From our analysis and models, we learned that:

1. **Churn rate** is non-trivial (around a quarter to a third of customers), so
   retention strategies are important.
2. **Short-tenure, month-to-month customers** are at much higher risk.
3. Customers with **higher monthly charges** also show increased churn, which may
   reflect price sensitivity or perceived value issues.
4. Certain **services and payment methods** correlate with higher churn.

### Possible actions

Based on these findings, the company could consider:

- **Onboarding and early-life programs** for new customers to increase engagement
  and satisfaction.
- **Targeted offers** (discounts, service bundles) for high-risk segments indicated
  by the model.
- **Reviewing pricing and plan structure** for customers with very high monthly
  charges.
- **Monitoring service quality** for configurations with high churn rates.

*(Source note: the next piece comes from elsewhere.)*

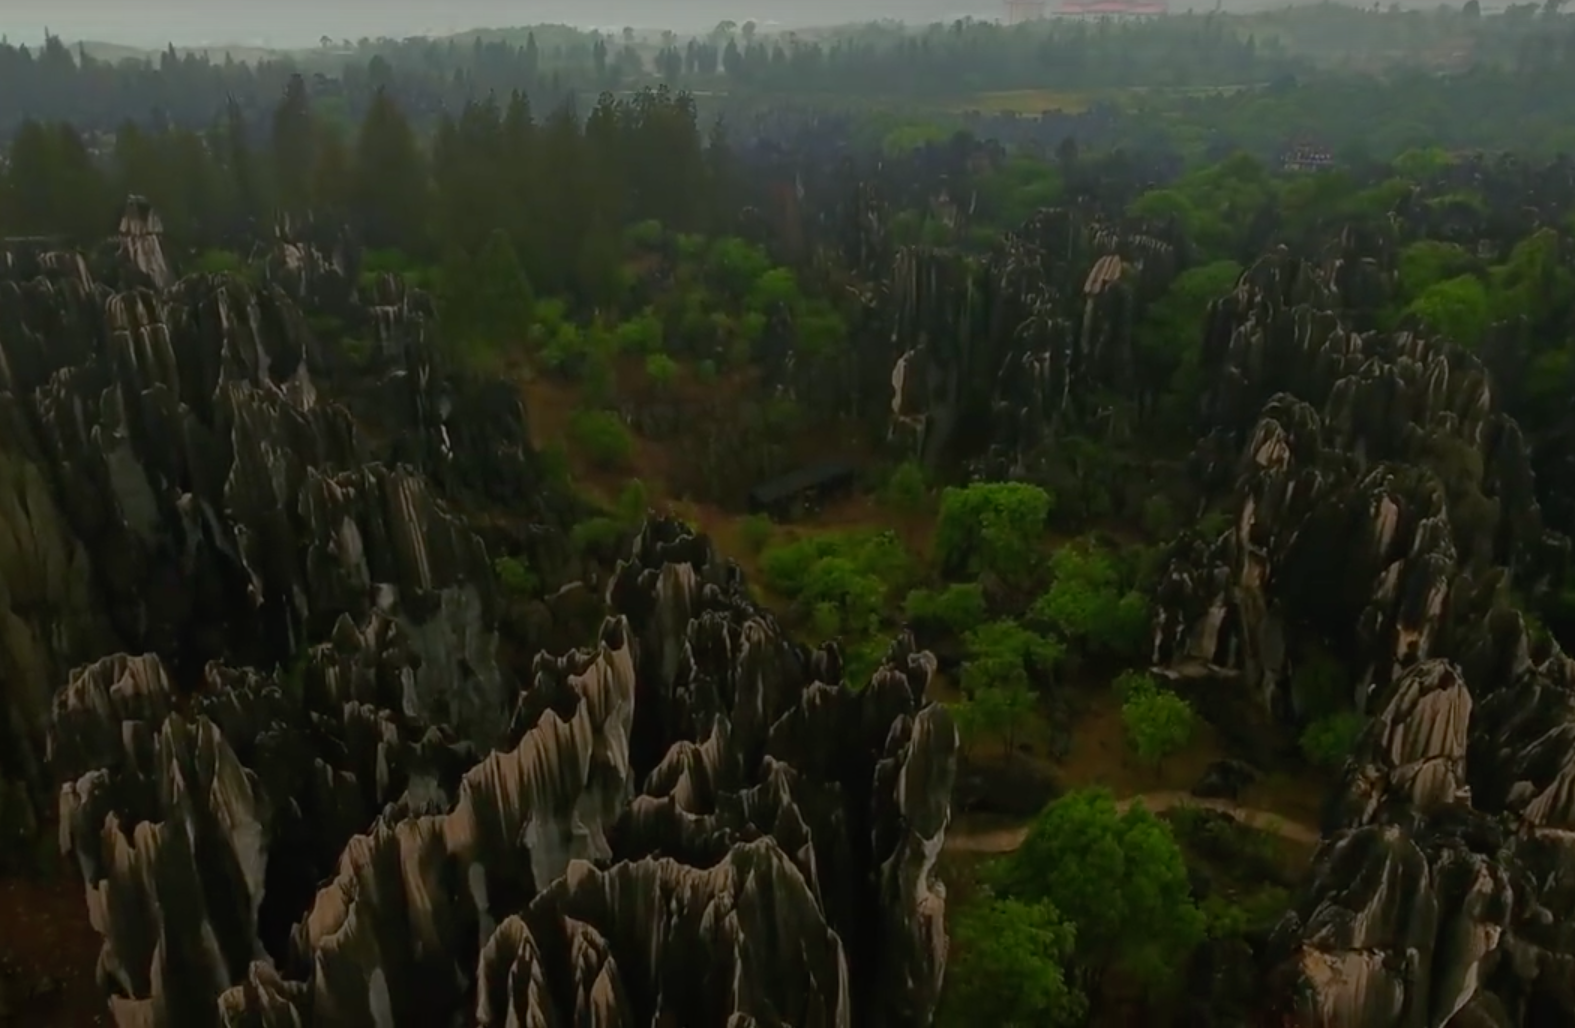 The Mysterious Stone Forest
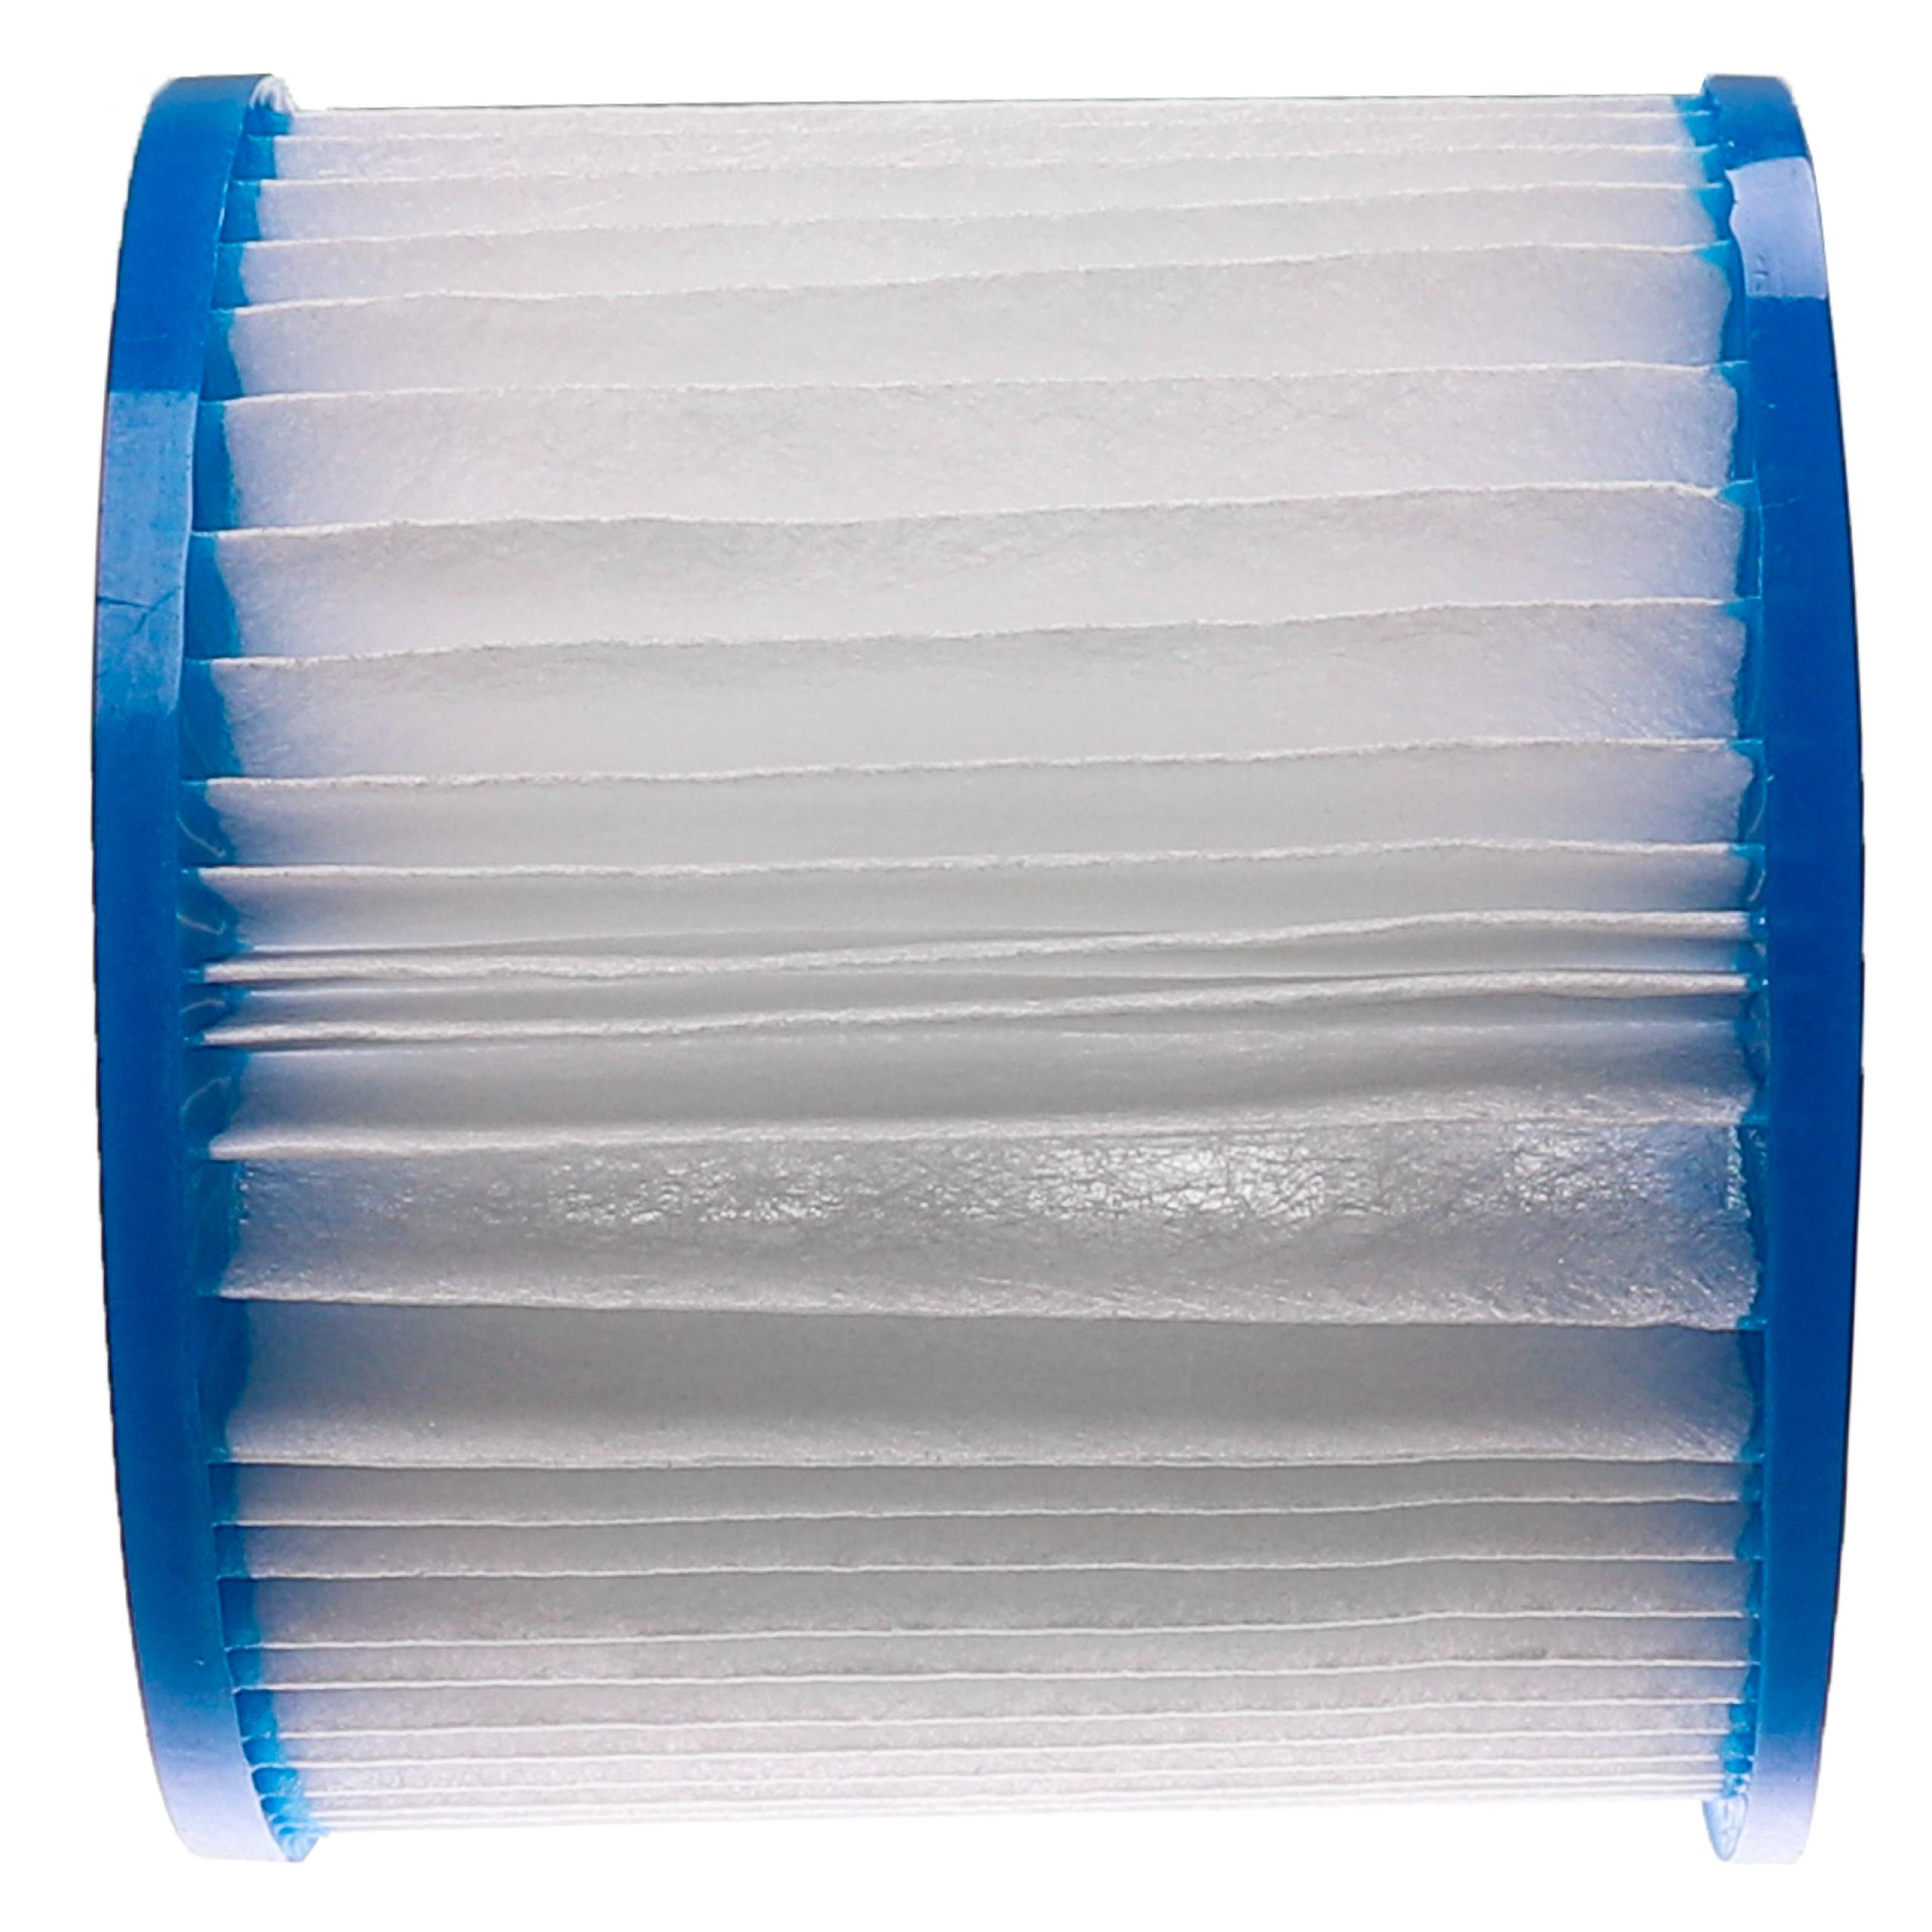 Pool Filter Type VII as Replacement for Bestway FD2136, Typ VII, Typ D - Filter Cartridge

### Model improvements and future work

To make this churn model production-ready, we could:

- Tune hyperparameters using cross-validation (GridSearchCV/RandomizedSearchCV).
- Try additional algorithms (Gradient Boosting, XGBoost, etc.).
- Use **calibrated probabilities** and choose thresholds based on business costs
  (e.g. cost of contacting a customer vs. cost of losing them).
- Implement regular retraining and monitoring (data drift, performance decay).
- Combine with time-based or survival models to predict **time-to-churn**.

---

**Overall summary**

We built a complete churn prediction workflow:

- Framed the business problem.
- Explored and cleaned the Telco churn dataset.
- Performed EDA to understand patterns of churn.
- Built and compared several models.
- Interpreted model outputs to derive business-oriented insights.

This notebook can serve as a solid template for churn analysis in other
industries (banking, subscriptions, SaaS, etc.) by swapping in the relevant
dataset and adjusting the features accordingly.